# Cat attached to old house! Help!



## LizzieJP (Aug 22, 2016)

First time posting - really hope someone can help! 

Our cat, Monty, a black neutered male aged 4, keeps returning to our old house 1.5 miles away across town! 

He'd lived there since being a kitten and we moved out in Sept 15, he initially had to spend 3 months living with my boyfriend's parents whilst we had some major renovation work done. When we first moved him into the new place in Dec 15, we kept him in for around 3 weeks and then started gradually letting him out. No issues. Our neighbour was having an extension built and then in March 16 we started having some building work done, which changed the back of the house and would have been very noisy during the day. Around the end of April 16, he went missing for one week, when we eventually found him back at the old house. We don't know how he found his way as he'd never been directly from our old house to the new house! Then we kept him in again for around a month. Since then he's gone back to the old house 2 further times! We keep going to fetch him. When he's at the new house, he's his normal self and seems relaxed and happy. He's not being fed at the old house, and is always starving when we've found him and comes straight to us. He's unhappy when we keep him inside as he's used to going out when he wants! Our building work is nearly finished which I hope will help, but we just don't know what to do!!!


----------



## chillminx (Nov 22, 2010)

Hi @LizzieJP and welcome. 

This is a difficult one and you have my sympathy. Cats do become very attached to their territory, but they become equally attached to their owners. Monty perhaps hopes that if he goes back to your old house he will find you there too, and his life will be restored to the way it was.
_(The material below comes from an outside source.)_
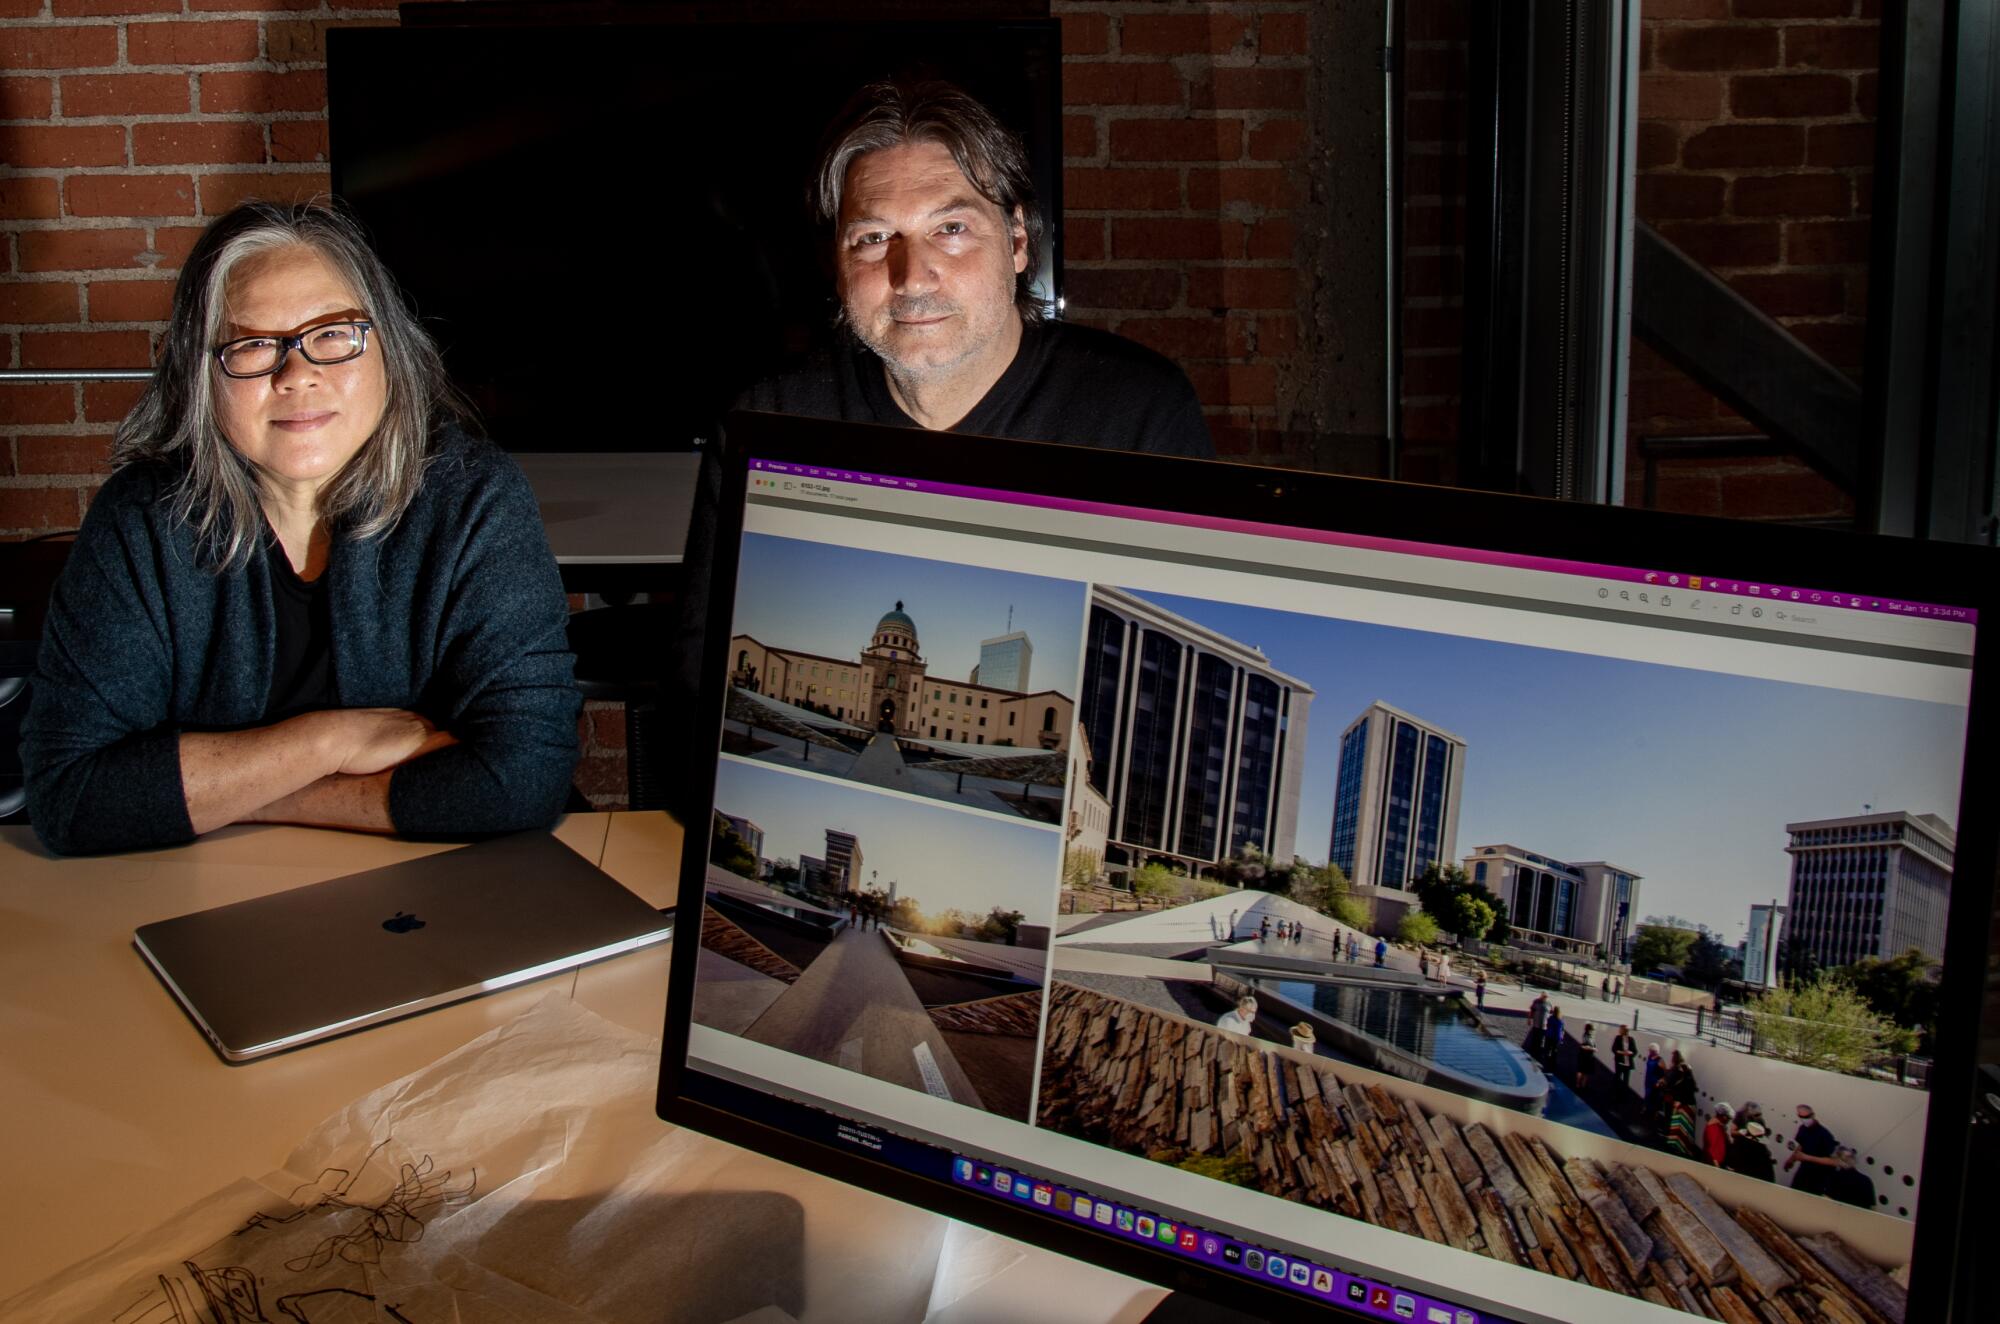 A woman and man sit at a wood table in moody light, behind a monitor bearing images of the Jan. 8 memorial.

I think he is probably still feeling very confused about where he belongs. But it sounds as though things were going quite well, until the building work started at your new house in March. I can understand the combination of noise, dust and strangers around the place every day probably upset Monty. and this is undoubtedly what led to him yearning for the peace and reassurance of his old home. With hindsight it might have been better to have left Monty with your BF's parents until all your building work was finished.

I understand you can't keep him indoors 24/7 as the building work is not yet complete so he would be shut indoors in a noisy house with strangers around, the same scenario that upset him in the first place. Not being able to escape from the noise could be very stressful for him. But also you simply cannot risk him keep going 1.5 miles back to your old house, meeting up with all kinds of dangers, including traffic, on the way.
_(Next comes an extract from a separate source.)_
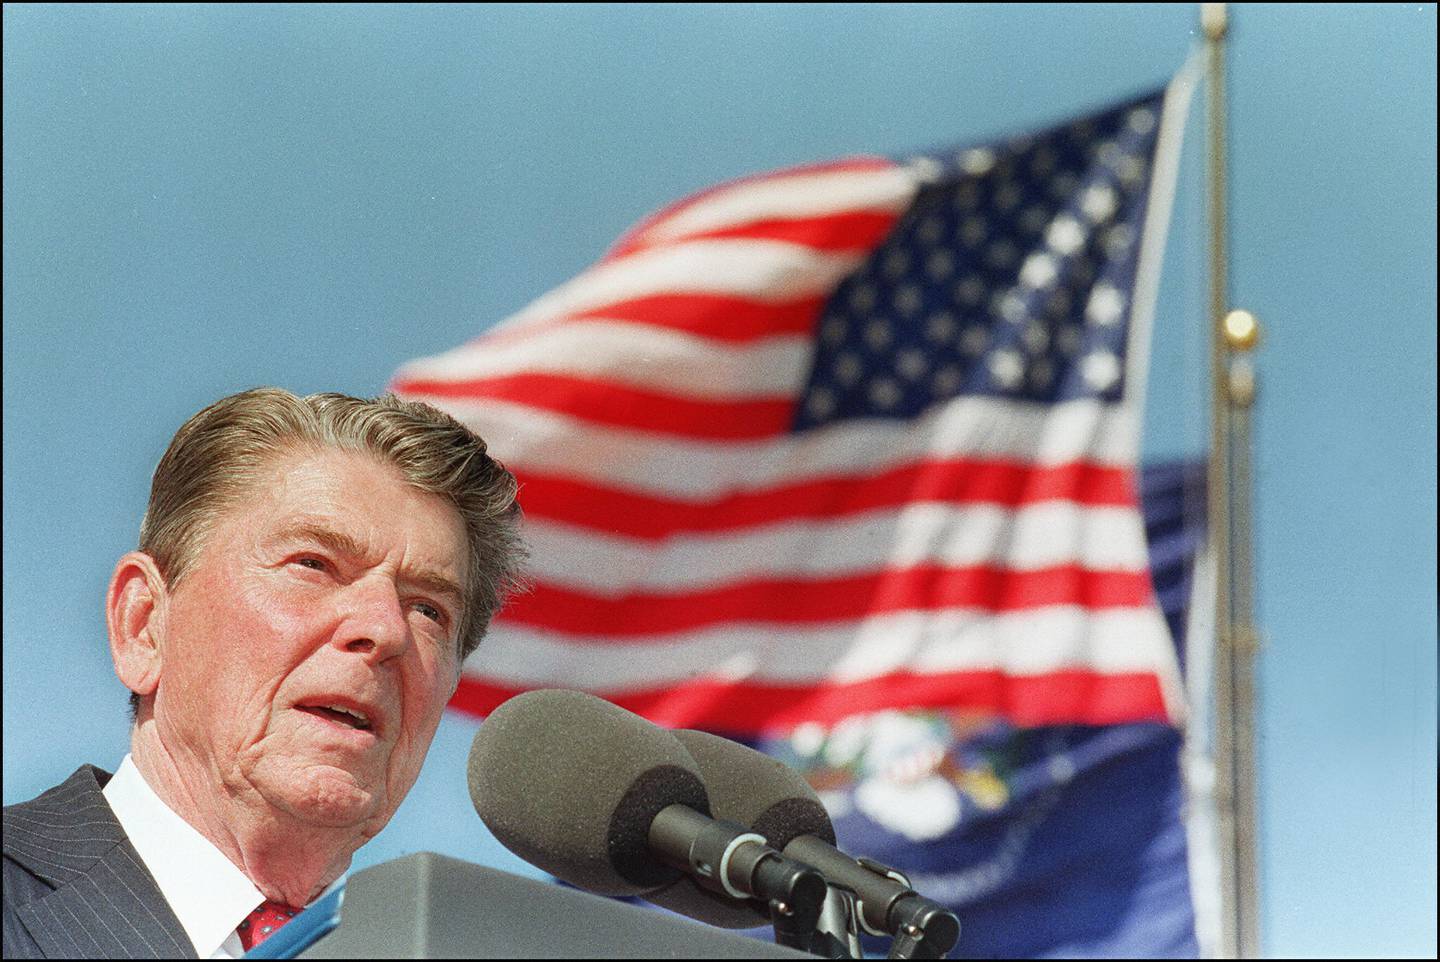 (Files) This November 4, 1991 file photo shows US President Ronald Reagan giving a speech at the opening of the library that bears his name in Simi Valley, California.  Reagan broke his right hip late on January 12, 2001 after a fall at his home.  He is listed in stable condition and will undergo surgery at St. John's Health Center in Santa Monica, California, on January 13.  Reagan will turn 90 on February 6.  He was President of the United States from 1981 to 1989 and retired from public life after it was discovered that he was suffering from Alzheimer's disease.  AFP-J image files.  David Ack

Might there be the option for him to go back and live with your BF's parents until the work on the house is all finished? This short break might give him enough time to stop yearning for his old haunts and so by the time he came to live with you again your house would be completed and would be a quiet haven for him. if so, I would try and keep him in for a month again when he comes back to you. Or if he goes outdoors he does so under your supervision. i.e. only when you are at home to keep checking on him and calling him back every half hour.


----------



## LizzieJP (Aug 22, 2016)

chillminx said:


> Hi @LizzieJP and welcome.
> 
> This is a difficult one and you have my sympathy. Cats do become very attached to their territory, but they become equally attached to their owners. Monty perhaps hopes that if he goes back to your old house he will find you there too, and his life will be restored to the way it was.
> 
> ...


Thank you for your kind words and advice! We're hoping when everything has settled after the building works are done, he'll be less inclined to go back! Thanks again x


----------